Tags: #Drama, Histórico, Relato

Vuelo nocturno (3 page)

—¿Tempestad también en Mendoza?

—No, he aterrizado con cielo limpio, sin viento. Pero la tempestad me seguía de cerca.

La describía porque, decía, «a pesar de todo era extraña». La cima se perdía, muy alta, en las nubes de nieve, pero la base rodaba sobre la llanura como si fuese lava negra. Una a una, las ciudades eran tragadas: «Jamás lo había visto…». Luego se calló, embargado por algún recuerdo.

Rivière se volvió hacia el inspector.

—Es un ciclón del Pacífico; se nos ha prevenido demasiado tarde. Esos ciclones, no obstante, nunca van más allá de los Andes.

Nadie podía prever que el de ahora proseguiría su marcha hacia el Este.

El inspector, que nada sabía de ello, aprobó.

El inspector parecía titubear; se volvió hacia Pellerin, y agitóse la nuez en la garganta, pero guardó silencio. Después de reflexionar, mirando de nuevo recto ante él, recobró su melancólica dignidad.

La arrastraba consigo, como un equipaje, esa melancolía. Desembarcado la víspera en Argentina, llamado por Rivière para imprecisas tareas, estaba embarazado con sus grandes manos y con su dignidad de inspector. No tenía derecho a admirar ni la fantasía, ni la inspiración: por su profesión, admiraba la puntualidad. Sólo tenía derecho a beber un vaso en compañía, a tutear a un camarada, y a aventurar un juego de palabras, cuando, por una casualidad inverosímil, se encontraba, en la misma escala, con otro inspector.

«Es pesado ser juez», pensaba.

En realidad no juzgaba, sólo meneaba la cabeza. Ignorándolo todo, meneaba la cabeza, lentamente, ante lo que encontraba, fuese lo que fuese. Esa actitud desazonaba a las conciencias negras y contribuía a la buena conservación del material. No era amado, pues un inspector no ha sido creado para las delicias del amor, sino para la redacción de informes. Había renunciado a proponer en ellos métodos nuevos y soluciones técnicas, desde que Rivière había escrito: «Se ruega al inspector Robineau que no nos mande poemas, sino informes. El inspector Robineau utilizará felizmente su competencia, estimulando su celo personal». Y así se lanzó desde entonces, como sobre su pan cotidiano, sobre las flaquezas humanas: sobre el mecánico que bebía, sobre el jefe de aeropuerto que pasaba noches toledanas, sobre el piloto que rebotaba al aterrizar.
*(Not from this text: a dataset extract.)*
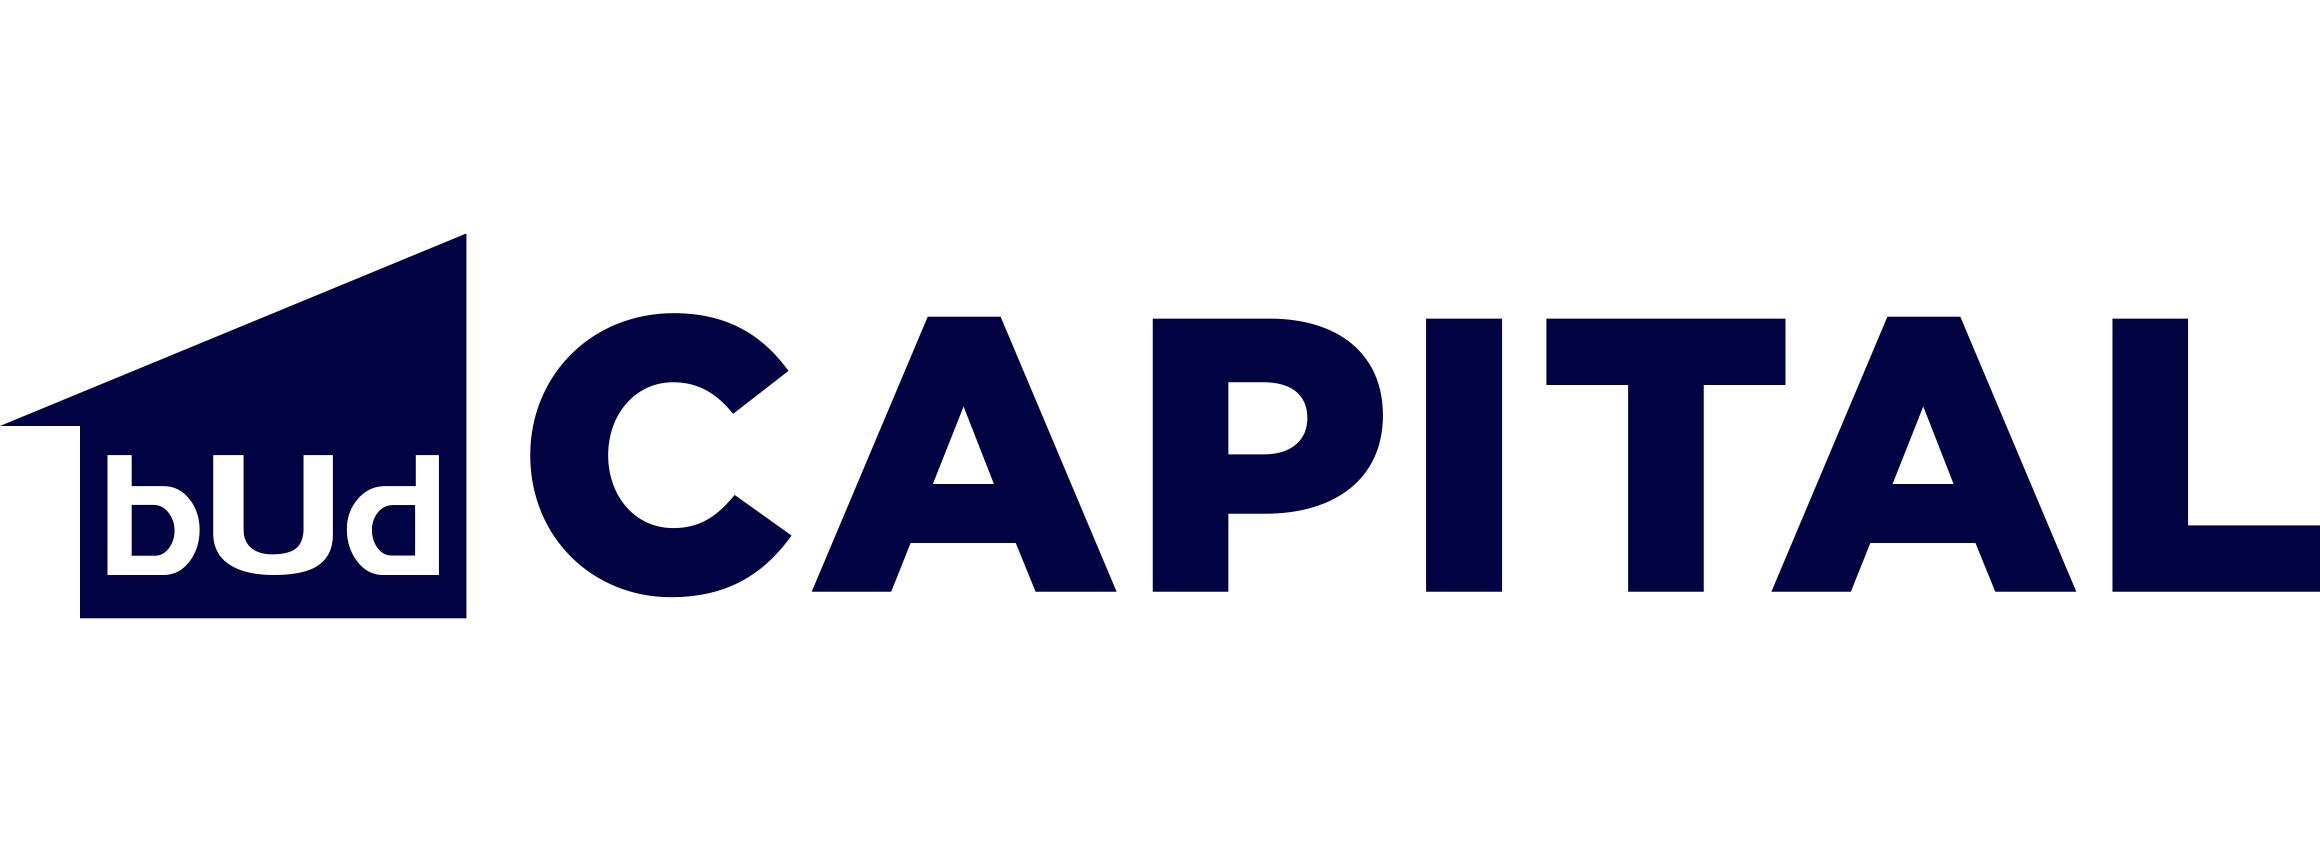 До 15% знижки у житлових комплексах компанії BudCapital

Rivière decía de él: «No es muy inteligente; por eso presta grandes servicios». Un reglamento hecho por Rivière era, para Rivière, conocimiento de los hombres; mas para Robineau no existía nada más que un conocimiento del reglamento.

«Por todas las salidas retrasadas, Robineau —le había dicho un día Rivière—, debéis descontar las primas de exactitud».

«¿Incluso en caso de fuerza mayor? ¿Incluso debido a la niebla?».

«Incluso debido a la niebla».

Y Robineau sentíase orgulloso de tener un jefe que, por severo, no temía ser injusto. De ese poder, a tal extremo ofensivo, sacaba él mismo cierta majestad.

«Han dado ustedes la salida a las seis quince —repetía más tarde a los jefes de los aeropuertos—, no les podremos pagar su prima».

«Pero, señor Robineau, a las cinco y media ¡no se veía ni a diez metros!».

«Es lo que dice el reglamento».

«¡Pero, señor Robineau, no podemos barrer la niebla!».

Y Robineau se atrincheraba en su misterio.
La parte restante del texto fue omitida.